**Exercise data**

********

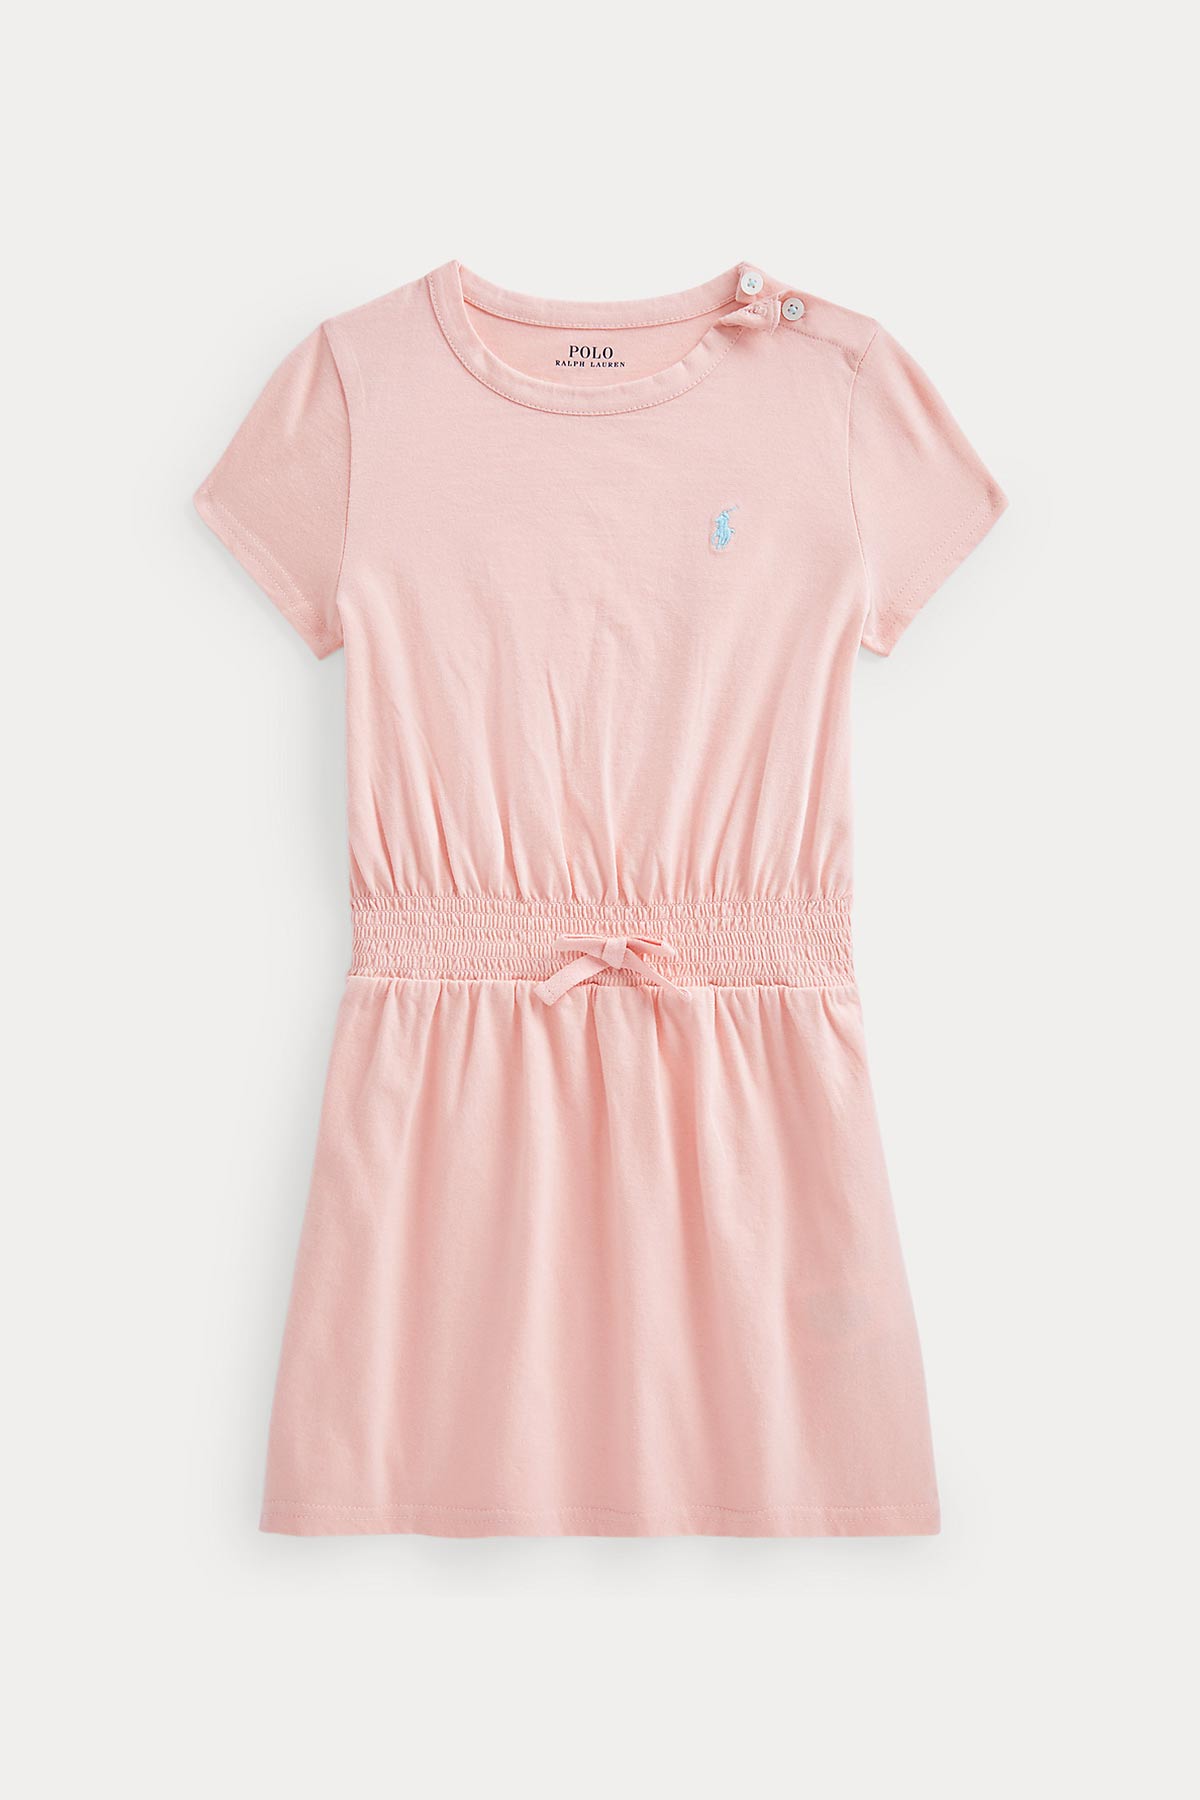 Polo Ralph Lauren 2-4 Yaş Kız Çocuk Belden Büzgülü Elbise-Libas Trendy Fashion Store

********

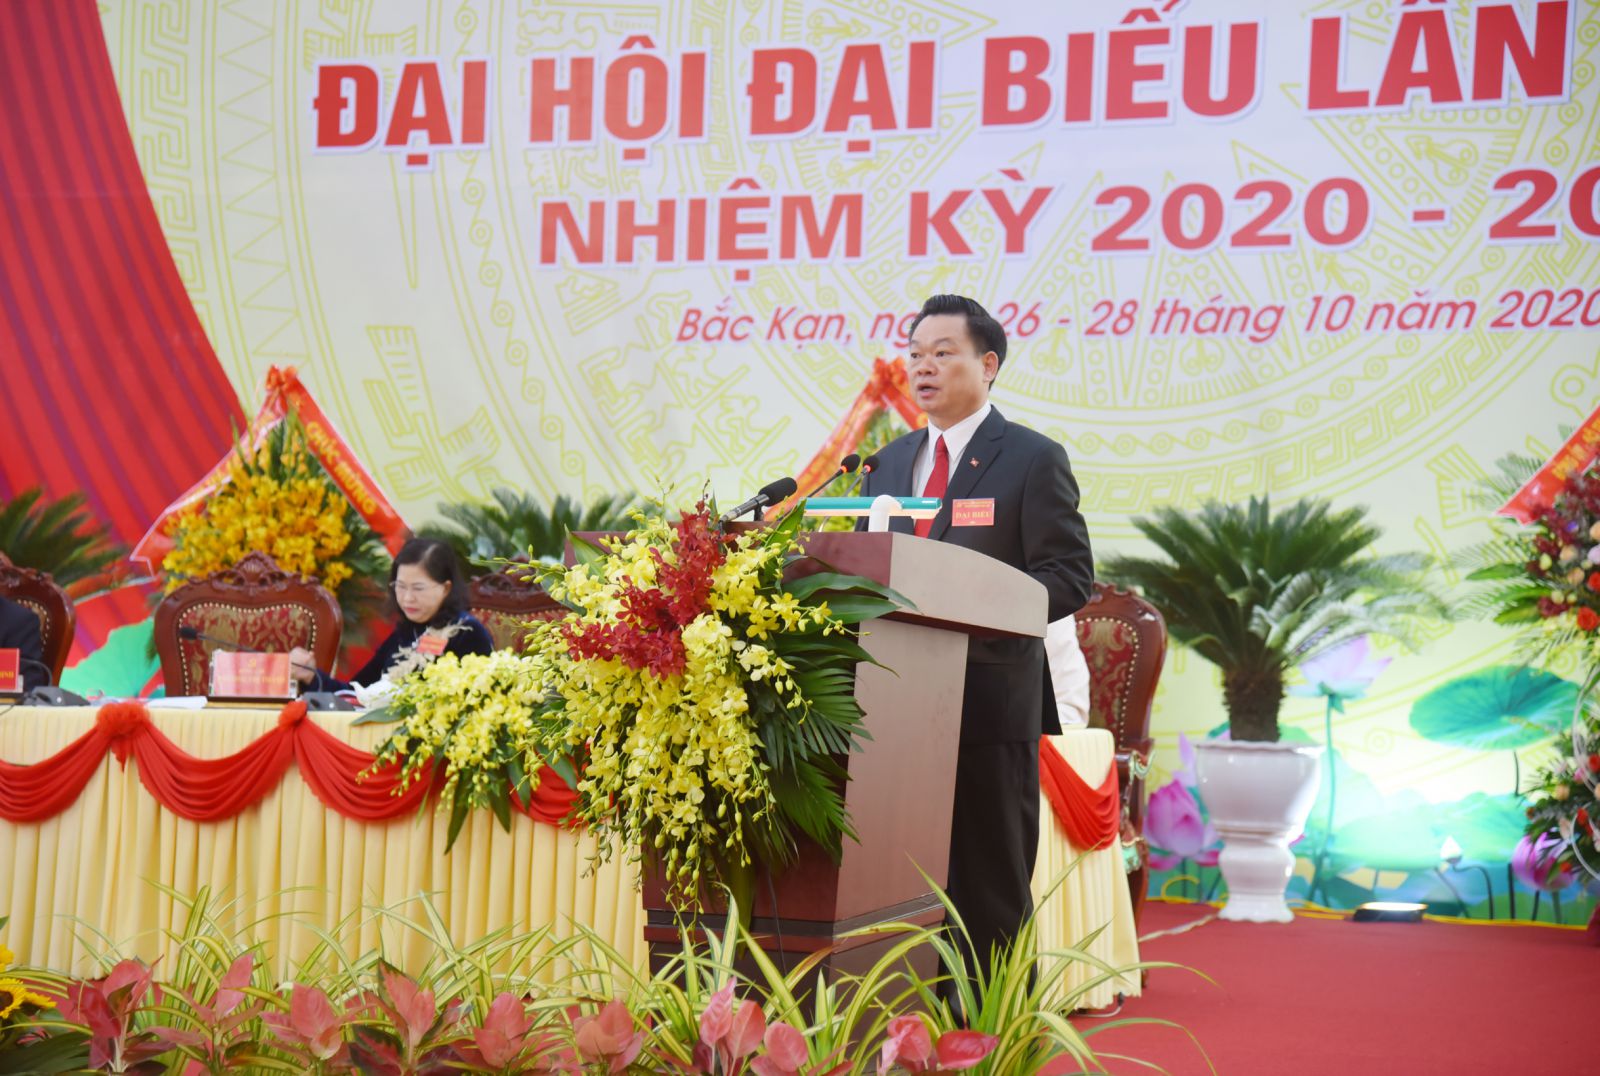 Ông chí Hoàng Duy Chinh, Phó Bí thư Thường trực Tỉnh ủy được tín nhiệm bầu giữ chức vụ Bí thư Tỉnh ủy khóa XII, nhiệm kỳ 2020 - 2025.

********

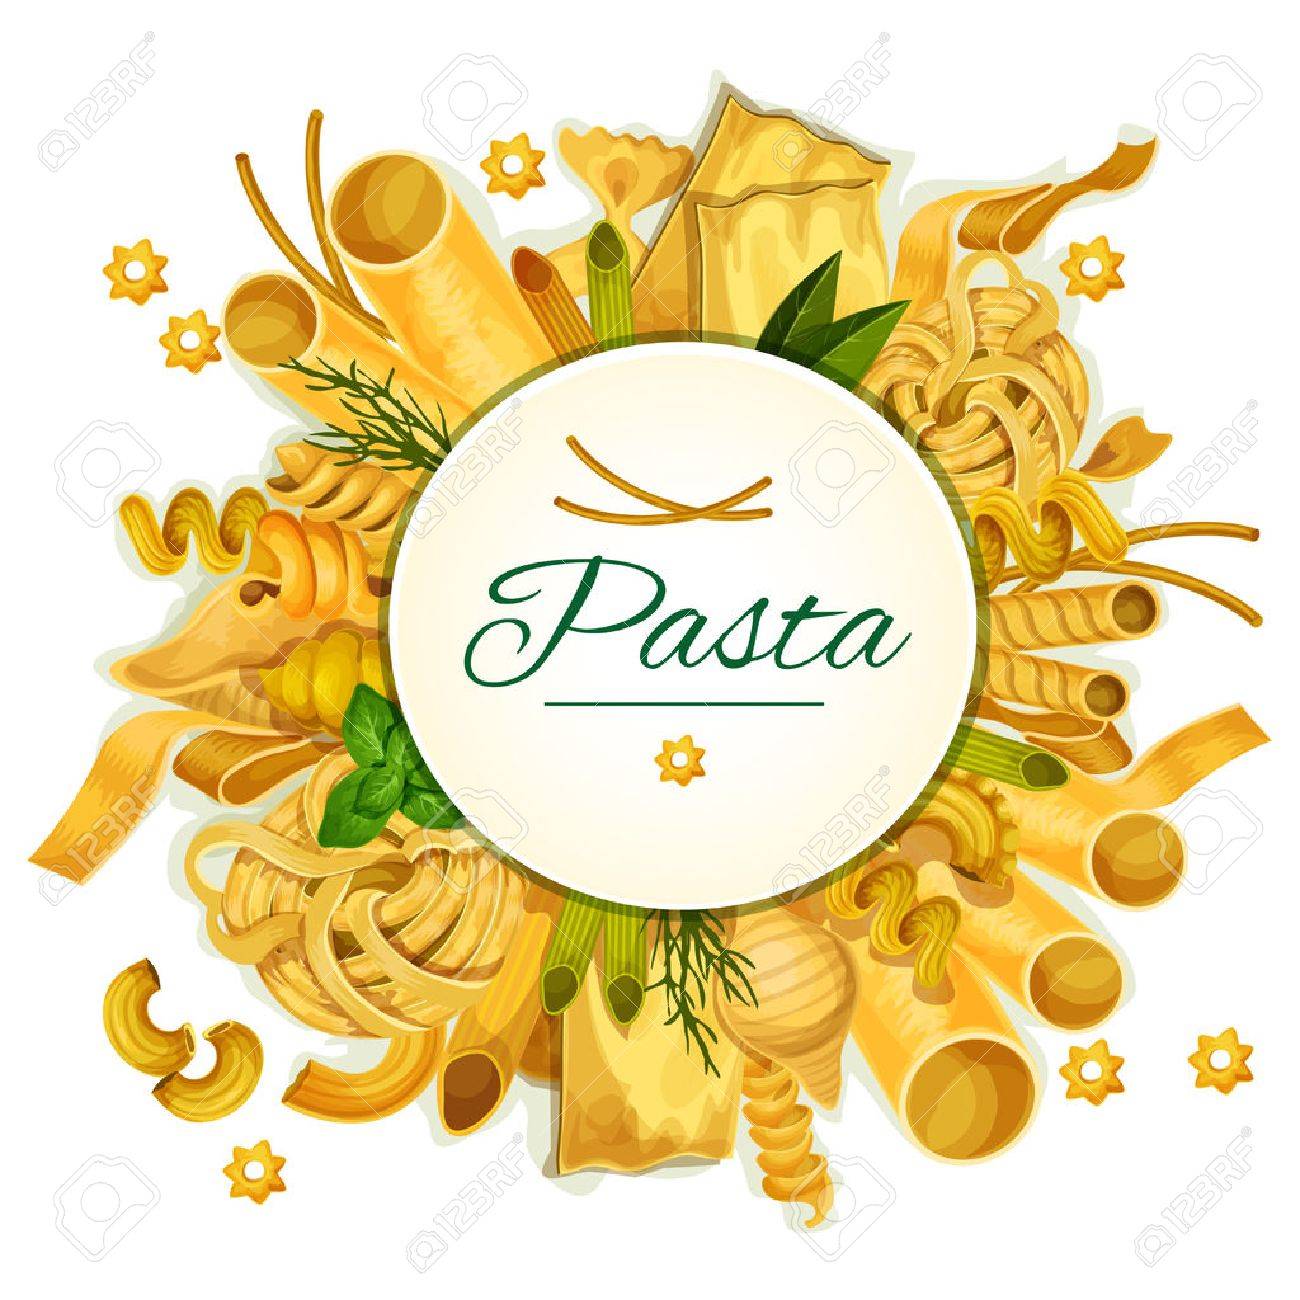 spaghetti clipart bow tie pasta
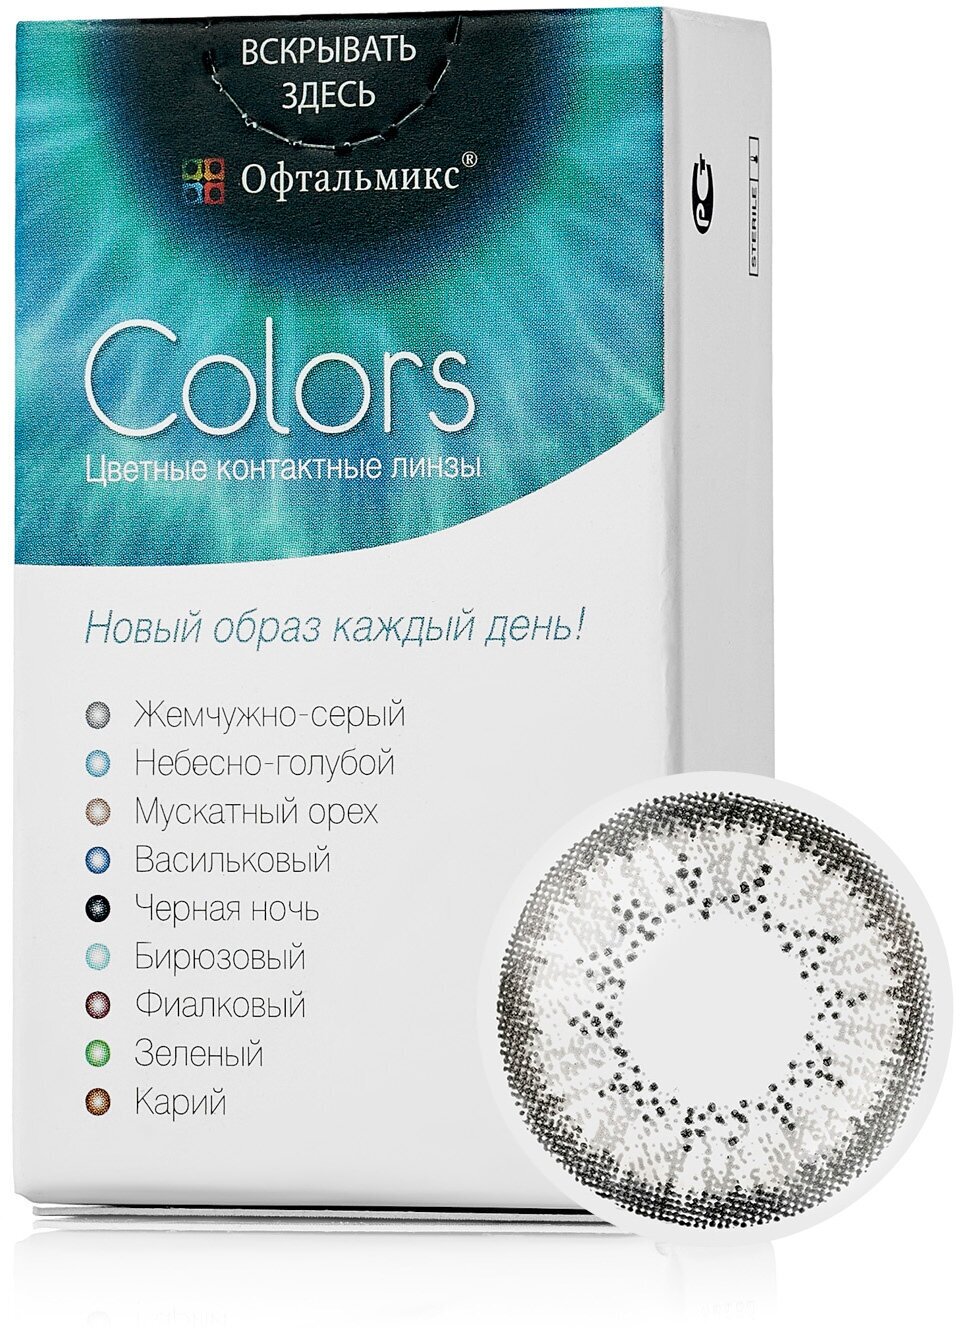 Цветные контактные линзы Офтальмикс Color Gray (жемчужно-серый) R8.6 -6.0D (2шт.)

********

**What is being asked**
Within the entries above, give again exactly the lines starting at the one that contains "spaghetti clipart bow tie pasta" and ending at the one that contains "Цветные контактные линзы", leaving out the pictures.

**Result of this task**
 spaghetti clipart bow tie pasta
 Цветные контактные линзы Офтальмикс Color Gray (жемчужно-серый) R8.6 -6.0D (2шт.)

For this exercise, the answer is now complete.